Investors need protections from scammers and access to comprehensive financial disclosures to make informed decisions. Over the decades, as rules and regulations have piled up, the big financial institutions have cemented their advantage over other players, and markets seem increasingly remote to regular people. The stock market is probably safer than it used to be, but it doesn’t seem like a place where small investors can thrive. The best bet is a boring exchange-traded fund that you’re supposed to buy and then forget about as it steadily, unspectacularly rises in value. (Hopefully.)
If regulators want retail investors to be less easily seduced by unregulated schemes, they have to demonstrate the value of oversight, promote fairness, and emphasize that if something seems too good to be true, then it probably is. Making sure that investing is easy to access and feels rewarding is important, too.
The future of finance on Quartz
Why are there so many Russians in crypto? Based on where the CEOs or founders of ICO-seeking projects are based, Moscow comes out on top. This is down to a combination of the country’s top-tier programmers, limited access to traditional sources of funds, and lack of job opportunities.
The 226-year-old New York Stock Exchange named its first female president. For context, Hester Serafini was already president of an important clearing division at NYSE owner Intercontinental Exchange—an appointment that wasn’t front page news. The media frenzy around Stacey Cunningham‘s promotion shows NYSE’s enduring brand power and will hopefully spur more appointments for women in the sector.
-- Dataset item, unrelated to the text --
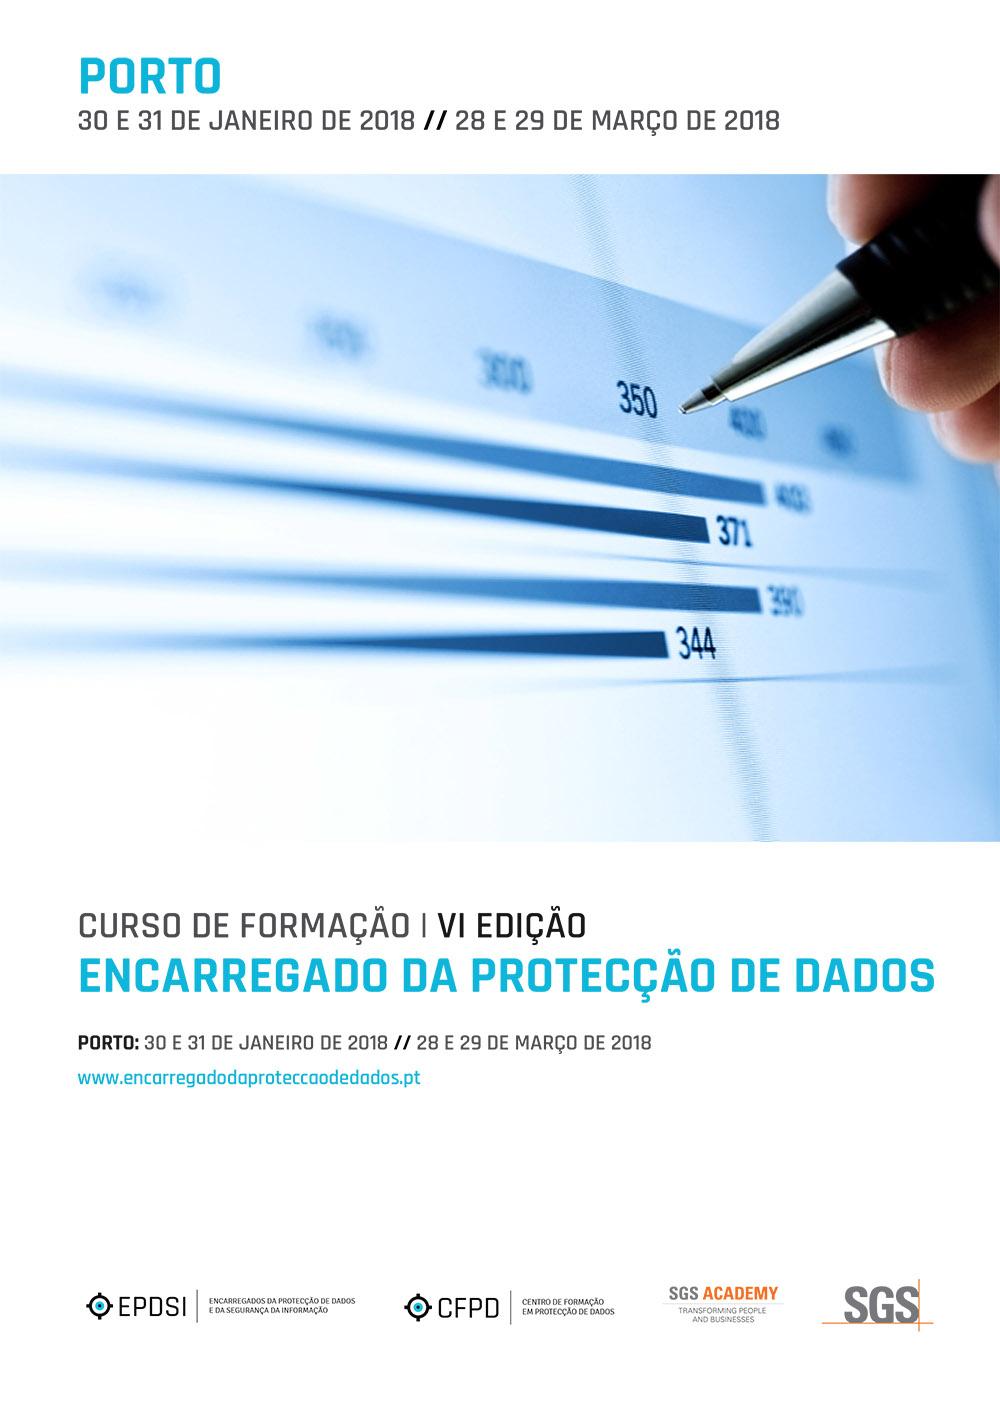 Curso de Formação - Encarregado da Protecção de Dados - VI Edição - Porto - Agenda Geral

Fintech unicorn Revolut is betting that more crypto is better. It added XRP and bitcoin cash to its lineup this week. Will this entice new customers to use its other services?
Fewer US banks are too big to fail. In a new bill, only banks with $250 billion or more in assets would be deemed systemically important, up from a previous threshold of $50 billion. That means fewer than 10 banks would have the designation, subjecting them to stricter regulations than the rest.
Starbucks is beating Google and Apple in mobile payments. It underscores the lukewarm reception to Apple and Google Pay.
The future of finance elsewhere
The US Justice Department opened a probe into bitcoin manipulation. The criminal investigation is focused on the likes of spoofing, according to Bloomberg (paywall). An upside to more institutional trading in crypto markets is that, unlike some retail investors, they care a great deal about these shenanigans, which can fool their computers.
Speaking of machines… Jump, the high-frequency trading firm, has a team of 22 people working on crypto, according to Jim Greco, founder of the Direct Match trading platform. That’s more staff than the HFT has on any of its other teams.
Mergers could help UK banks compete with their US peers. A tie-up between Barclays and another lender like Standard Chartered, which the Financial Times (paywall) reports is being considered, could help address the size differential. A sticking point could be that both are already considered systemically important (pdf).
Small banks are helping propel financial startups. Silvergate Bank nearly doubled its assets by serving crypto-related companies (paywall) that big banks won’t touch. Other fintech firms also rely on smaller banks that quietly run in the background. If you believe banking should become a boring utility, this type of arrangement shows a way to get there.
Best of the rest. Kabbage plans to launch a payment processing service next year. PayPal admits that cash is stiff competition to electronic transactions. Cash is most certainly king in Southeast Asia. Square, meanwhile, launched a device in the UK for small- and medium-sized companies to accept cards. Dutch payment-processor Adyen is seeking an IPO in June. And the Federal Reserve (paywall) is keeping an eye on Amazon’s financial services ambitions.